Yes, that's exactly the point we were making, they didn't treat it as a breaking change as they just incremented the patch number by 1 rather than the major. Not to mention a lot of people have said it wasn't very clear and I could buy that as documentation doesn't seem to be a strong point in either linux or c in general (or I could be wrong (or xdg-desktop-portal could be a bad example of a c library) but when I attempted to make an application using xdg-desktop-portal they had the equivalent of a javadoc but that was about it, there are no examples provided in the repo for how to use any of the objects (or it wasn't clearly labeled or findable), there were no tutorials online and I looked into other repos (that are flatpaks as they must use xdg-desktop-portal to my knowledge) and it was a mess because different applications use different languages or sometimes used a middle man library or some combination of the two which made it difficult to know how to use the interface)
glibc is very well documented, as is most C libraries on Linux (don't know where this misconception comes from), they didn't see the ELF sections as part of the glibc ABI/API though which is why this went under the radar for developers that isn't on the glibc mailing lists.

This was not a code change, it was a change in the automake configure script to no longer pass in the argument to ld to include the old hash section when building glibc.

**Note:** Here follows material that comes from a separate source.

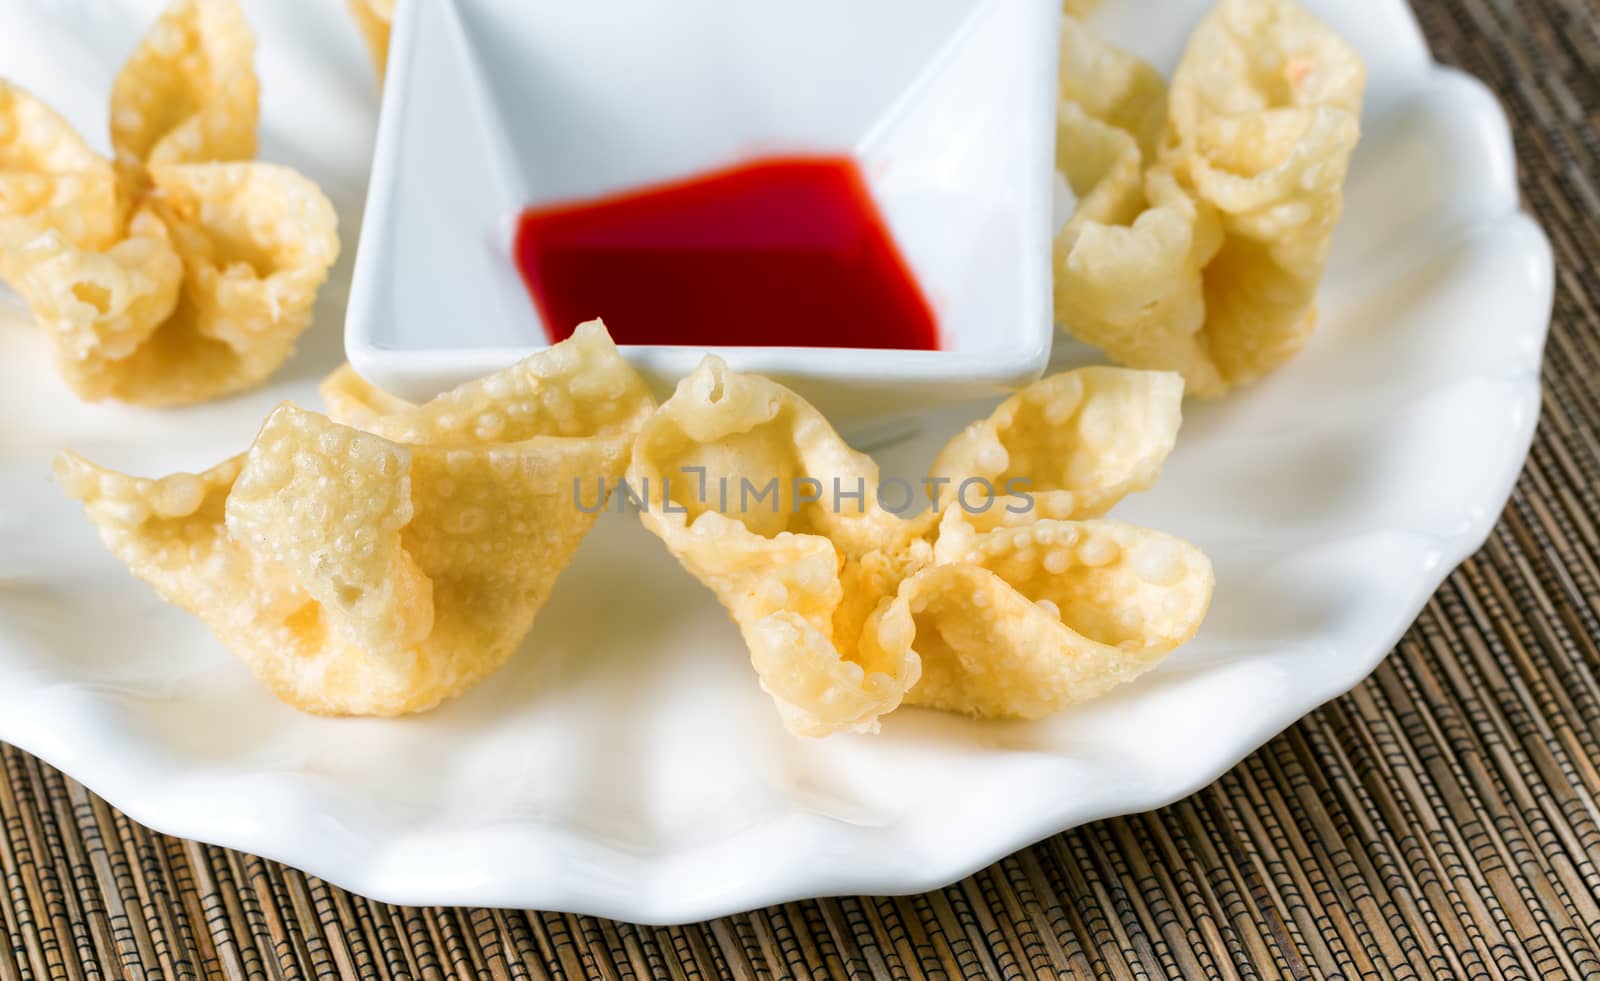 Close up view of crispy fried wanton treats with dipping sauce in background. Selective focus on front shells.

Normally no library/application dev ever sees a change like this as a ABI/API change, but it looks like the glibc devs will do from now on.
Well I just had one example experience (with xdg-desktop-portal, apologizes if they are an exception and not the norm for the standards of C libraries), I try to stay away from languages like C just as it doesn't really seem to click with me like a lot of other languages have (not to mention there are languages like Rust that some say will replace C and while I don't like rust either, it is leagues better for clicking with me). Also yeah, that makes a lot more sense as I was very confused by DT_HASH being in a build config file and not a function in the code when I saw the commit so again, thank you for clearing that up.
no probs, xdg-desktop-portal looks to be a 3d party tool for flatpak and unfortunately many such well intended extra tools are very rarely well documented.

To experience the glibc documentation just open a terminal and type in say "man dlopen" and see just how much information they have on that single function.
Yeah, I tried that then I thought `man elf` and there is a page, is this from glibc's documentation or something else as if they have control over that man page then they should definitely change this portion
 
       d_tag  This member may have any of the following values:

              DT_NULL     Marks end of dynamic section

              DT_NEEDED   String table offset to name of a needed library

              DT_PLTRELSZ Size in bytes of PLT relocation entries

              DT_PLTGOT   Address of PLT and/or GOT

              DT_HASH     Address of symbol hash table

to
       d_tag  This member may have any of the following values:
              ...
              DT_HASH     [s]Address of symbol hash table[/s] PLEASE FOR THE LOVE OF GOD DO NOT USE THIS AND INSTEAD USE DT_GNU_HASH IN THE FUTURE, PLEASE USE ANYTHING OTHER THAN THIS

and then problem solved but it is possible this man page is not in their control but if it is, I propose to add my addition to it lol
Yes the elf man page looks to come from not glibc since it does not cover DT_GNU_HASH, it looks to be from the kernel and have a git page here: https://git.kernel.org/pub/scm/docs/man-pages/man-pages.git [External Link] and I can see that DT_GNU_HASH is still not in the elf(5) page in MAIN/HEAD.

However I guess that this could be problematic on another level as well since not only is glibc not the only libc out there for Linux but it is also not the only shared object and this man page covers the ELF format itself and not just the one supported by the glibc ld binary.